The issue of Marx’s ‘productive force determinism’ has been discussed and critiqued here many times. Knowledge of world history was still marginal in the nineteenth century even as the archaeological revolution was taking off. As we look backward on a larger picture of world history, the claim that feudalism and capitalism are stages of history weakens:
feudalism is really the decline from the epoch starting in classical antiquity while capitalism is a set of economic processes, and not a stage of history. We might better call it a phase of modernity which itself is far broader and more comprehensive as a social transformation. People saw the rise of the modern as the destruction of feudalism, and in many ways that was the form it took. But the issue of what is modernity is far more complex and it is not the same as the rise of capitalism, which is a process, not a stage of history. It looks like a stage of history! But a closer look shows that the rise of modern capitalism in the period of the industrial revolution was synchronous with the rise of socialism as an idea. In a better world a socialist container for capitalism would have arisen at the onset, and the idea of having to endure a whole epoch of capitalism is misleading (although Marx/Engels originally expected the onset of postcapitalism to be imminent, would that it had been).

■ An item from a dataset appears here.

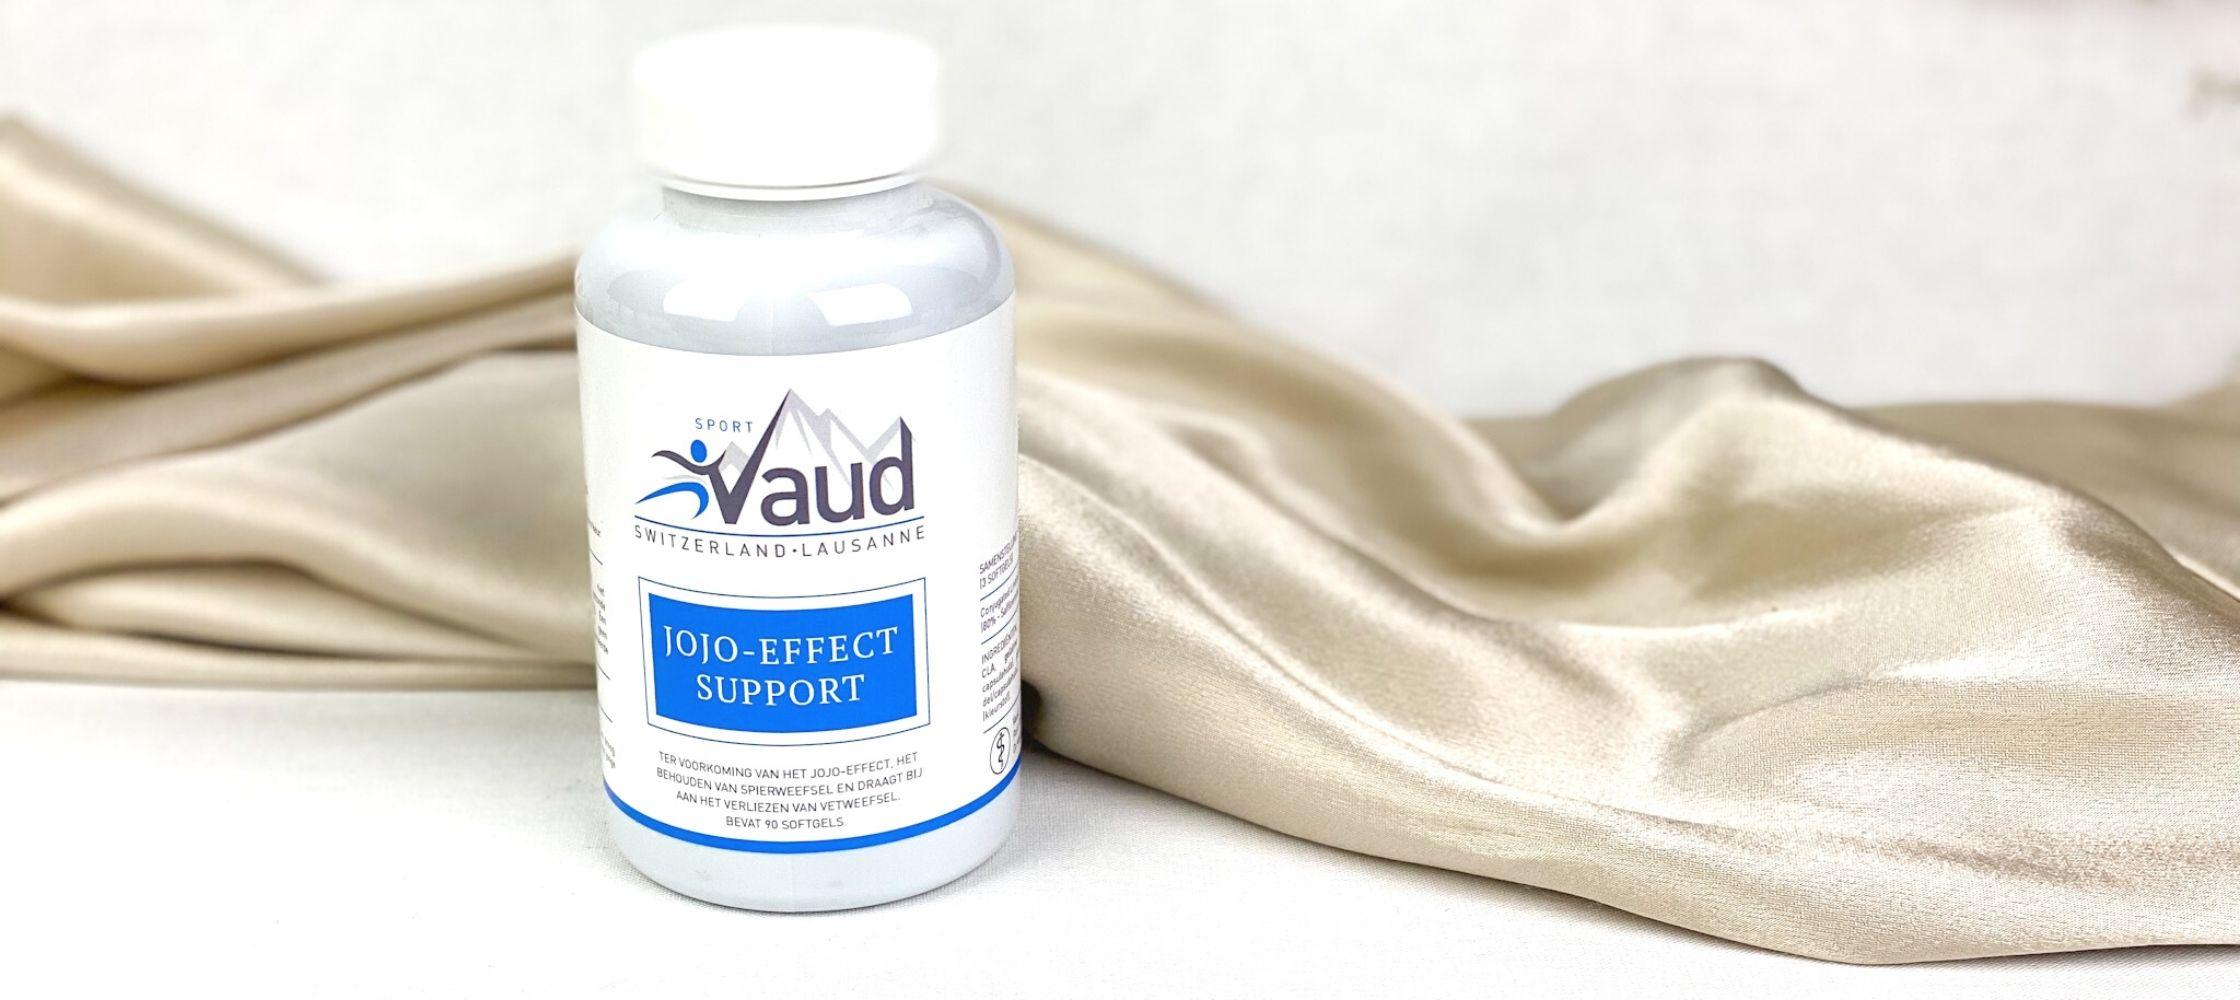 Jojo effect voorkomen met supplement_ JoJo-effect Support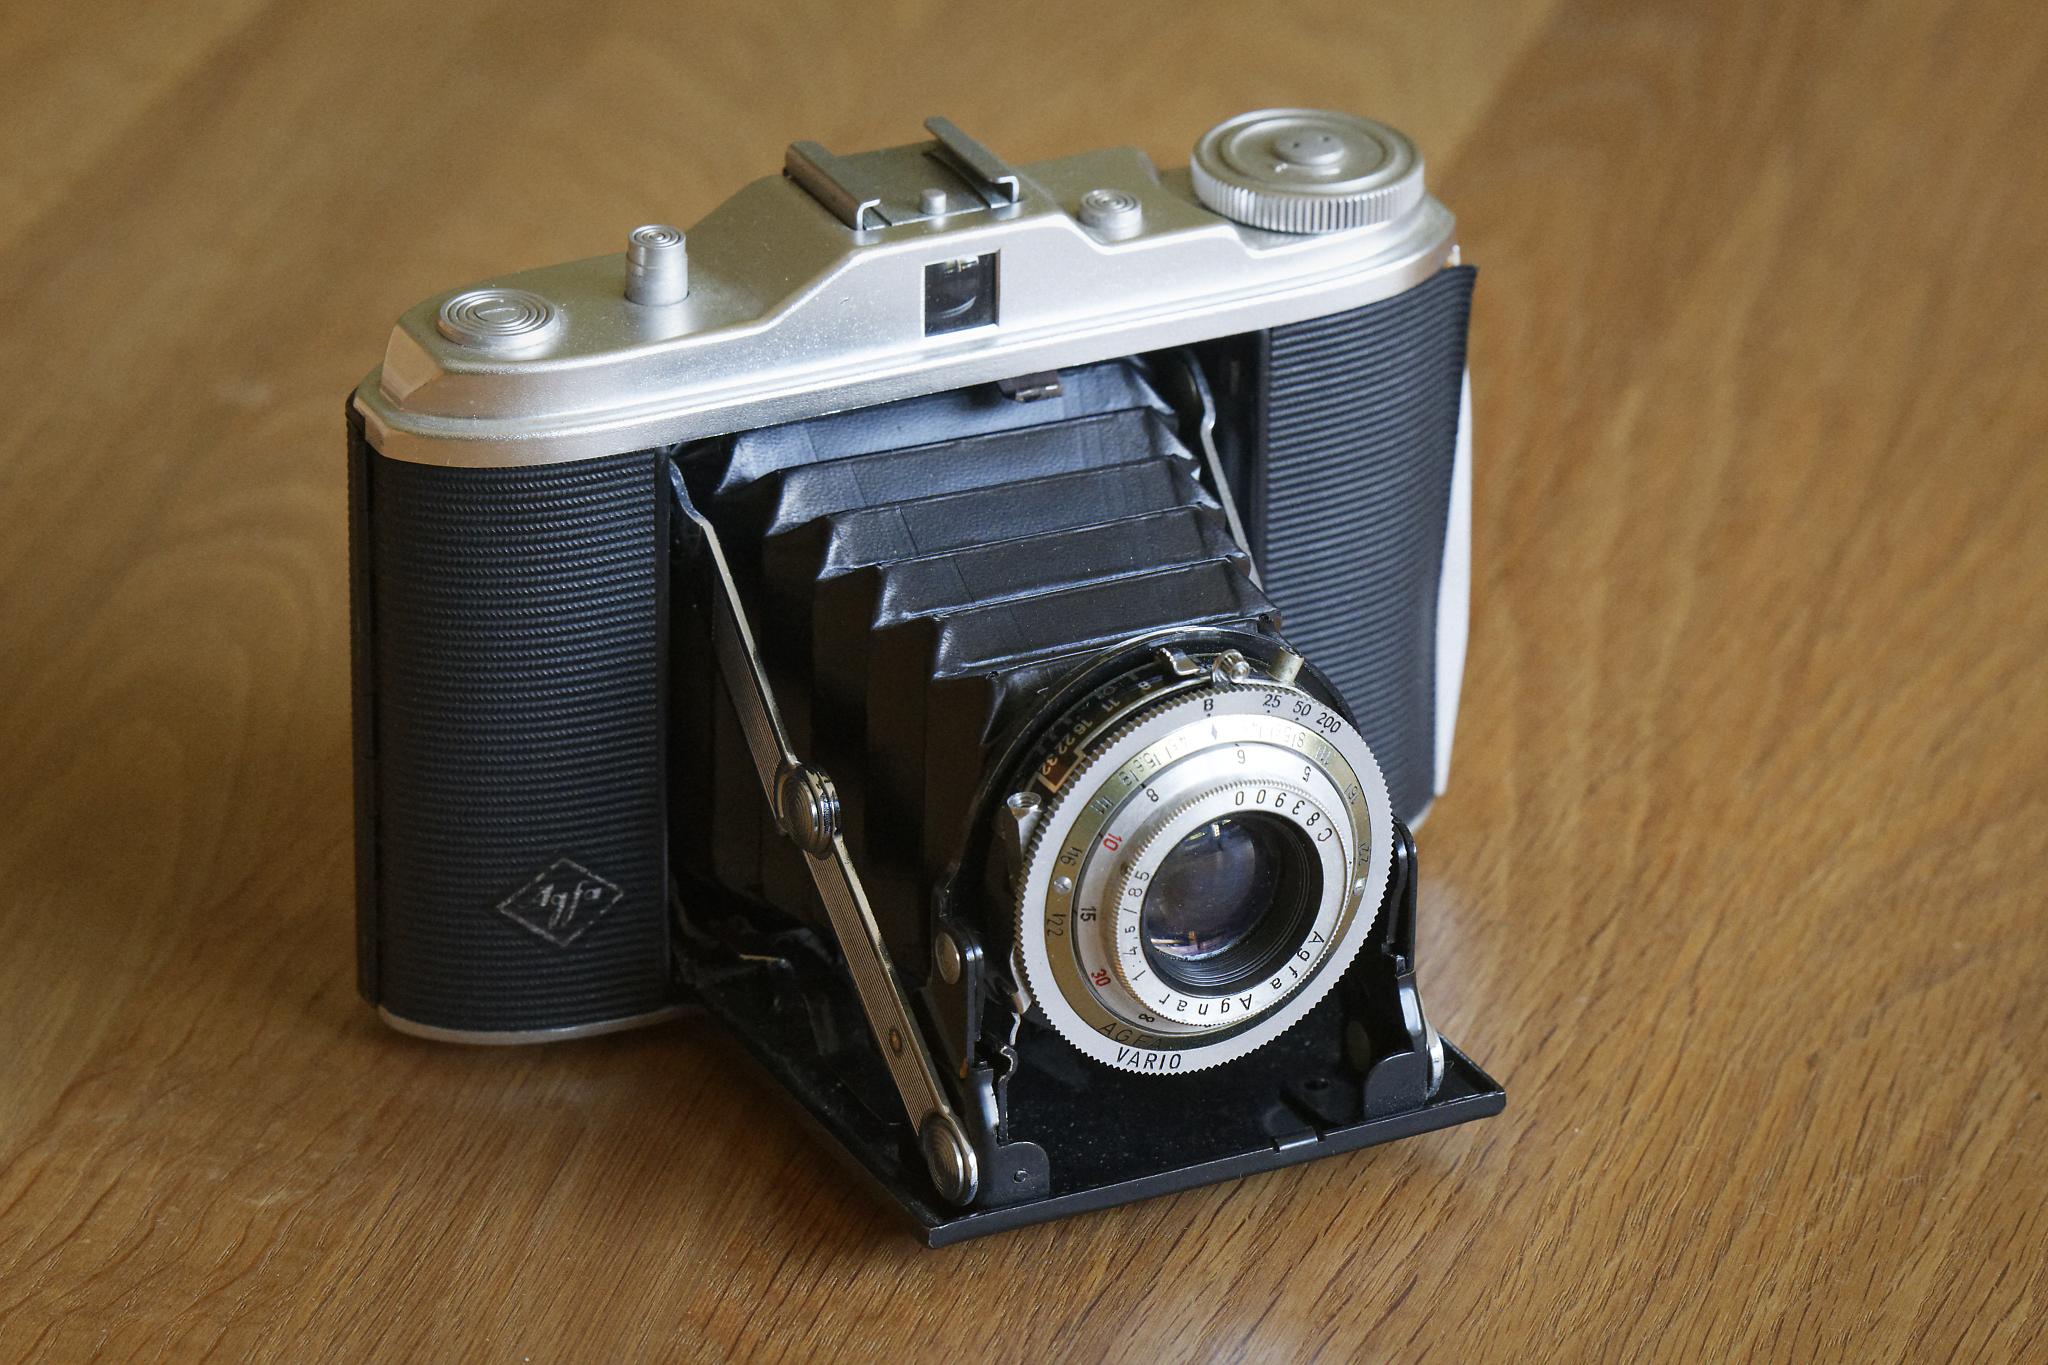 My first 'proper' camera!

Having critiqued Marx’s theory, let’s given him credit for hurling a thunderbolt at capitalism, and prove him right by creating a socialist aftermath to the confusions of capitalism! If Marx’s theories need an update, the fact remains that he really scared the capitalist bandits coming to the fore in the period of the industrial revolution. But we must be wary of abstractions: we must define asap the meaning, content and structure of a socialist society, and that requires looking at the question of democracy, the legal framework of a Commons, the riddle of markets and planning, etc,…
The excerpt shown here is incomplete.